Born in the old city of Ankober in Shoa Province in 1932, Afewerk was originally sent to the UK to study as an engineer, but his artistic talents were quickly recognized and he was persuaded to enrol in the Central School of Arts and Crafts in London. He subsequently became the first African student to enter the Slade School of Art where he studied painting, sculpture and architecture. Returning to Ethiopia, Afewerk decided to travel around the country to get more experience of Ethiopia and its cultures. This was reflected in his first one-man show in Addis Ababa, and was followed by study tours in Italy, France, Spain, Portugal and Greece where he learnt to design and construct stained glass windows as well as extend his interests into murals, mosaics, and sculpture as well as drawing and painting. These experiences also infused his designs for stamps, playing cards, posters, flags and national ceremonial dresses.

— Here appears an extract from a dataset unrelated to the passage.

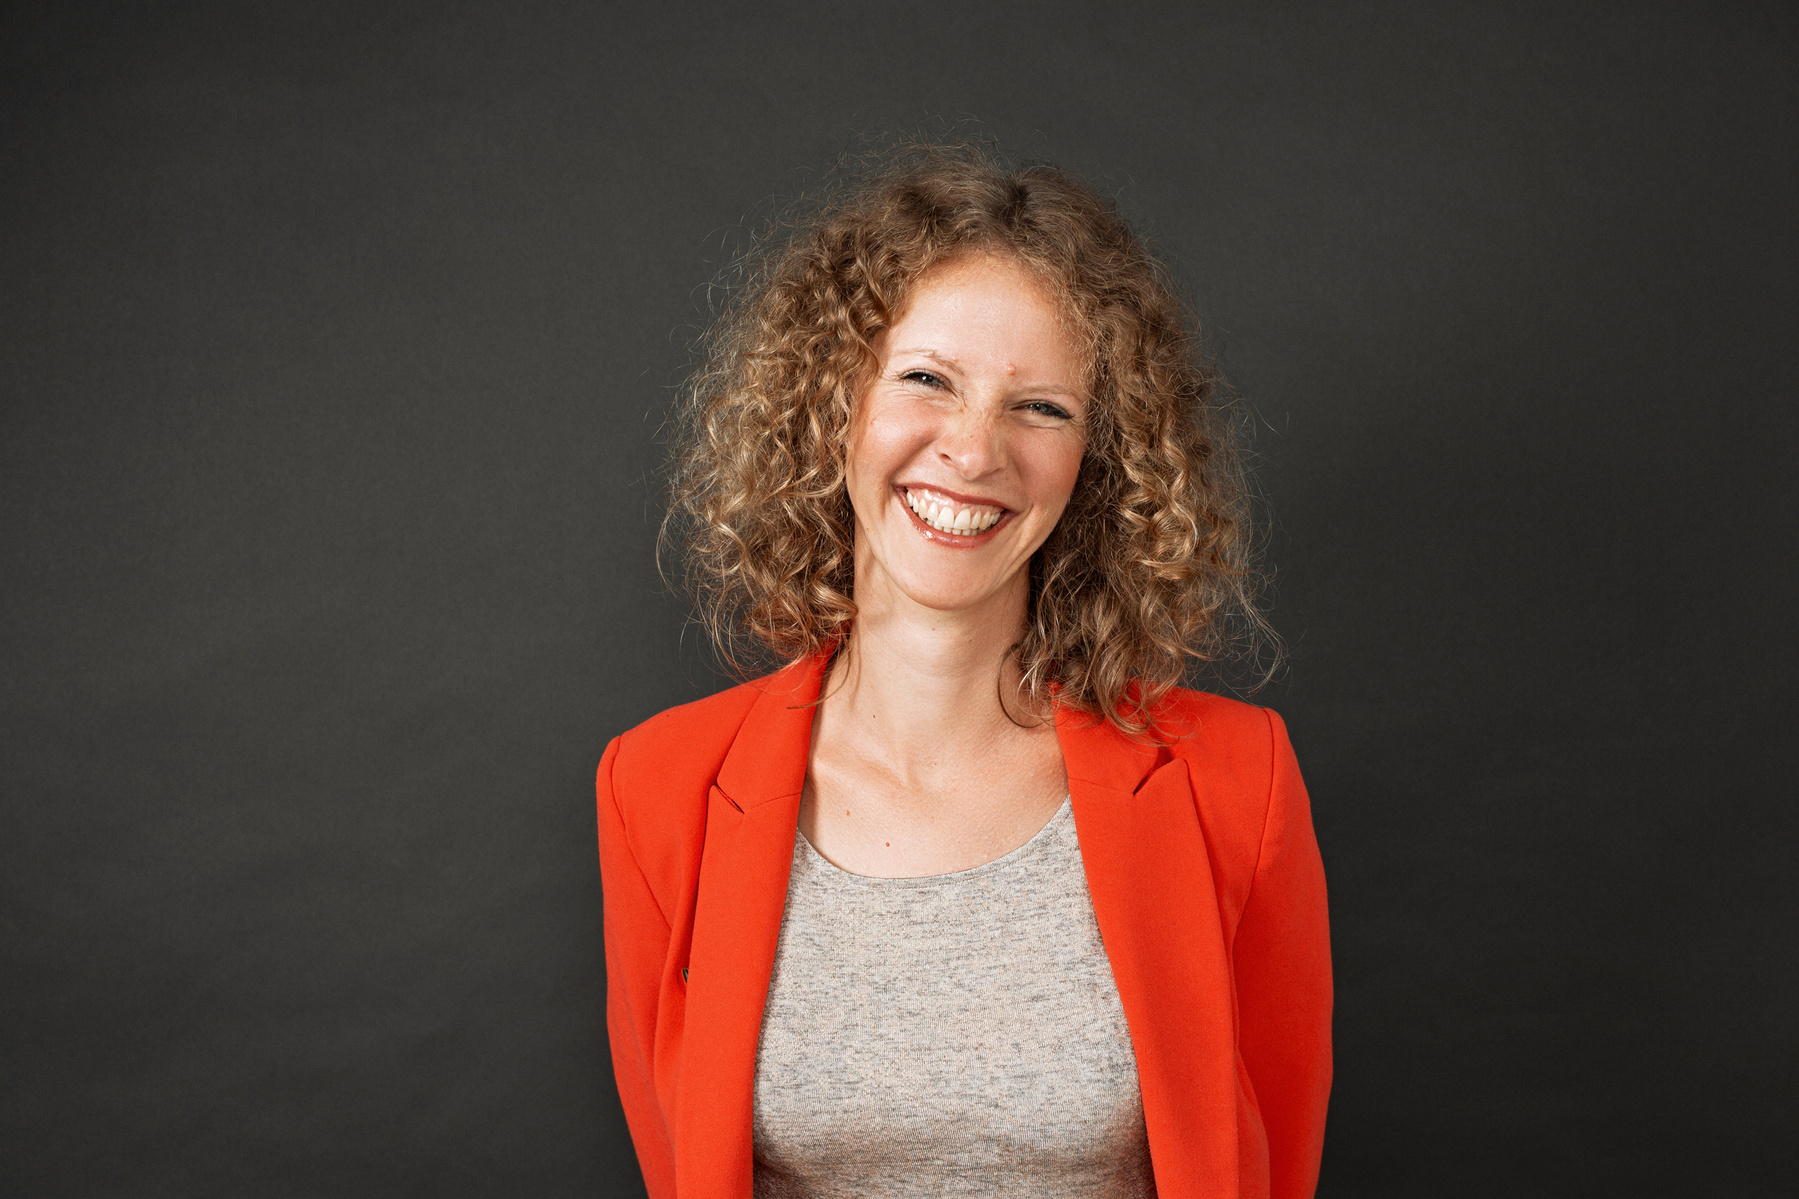 A slim woman with curly hair wears an orange blazer and smiles broadly into the camera

It all went to build up his position as Ethiopia’s foremost artist. He produced murals and mosaics for St. George’s Cathedral in Addis Ababa and designed a number of stamps. A monumental statue of Ras Mekonnen was completed for the city of Harar and he designed the stained glass windows in Africa Hall. The three windows which cover an area of 150 square meters represent the sorrow of Africa’s past, the struggle of the present, and the hope for Africa’s future. Other important works included an Altar cross (1959) for the Royal Chapel in the Tower of London in the UK, the Last Judgment (1970) mural in Adigrat Cathedral, Tigray, the victory of Ethiopia (1979) at the Hero Centre in Debre Zeit and the Chalice and the Cross in the Life of the African People (1997). In 1977, his painting Unity Triptych won the gold medal in the Algiers International Festival. In 1961 Afewerk held a major retrospective in Addis Ababa, which led to his painting Maskal Flower (1961) being shown at international exhibitions in Russia, the United States and in Senegal. It was at this time he became committed to the anti-colonial struggle, and this was reflected in such paintings as Backbones of African Civilization and African Unity. He held exhibitions in many countries including the US, Senegal, Turkey, Zaire, the United Arab Republic, Bulgaria, Germany, Kenya, the USSR, France and Algeria. In 1997 he exhibited at the Biennale of Aquitaine in France, winning first prize in the international competition. Afewerk also designed his own house, studio and gallery, known as Villa “Alpha”, architecturally inspired by Ethiopia’s cultural heritage.
Afewerk was a man of the African renaissance, who knew the “true meaning of compassion, of duty, of style, and of beauty,” and he has left a “tapestry of art” in his paintings of Ethiopia and of Africa and his stained glass windows which have done so much to inspire generations of younger artists in Ethiopia and in Africa. Speaking a few years ago at Stamford University he summed up his work and by extension his life: “I am not a pessimist. I want people to look at my art and find hope. I want people to feel good about Ethiopia, about Africa, to feel the delicate rays of the sun. And most of all I want them to think: Yitchalal – it is possible.” He will be greatly missed.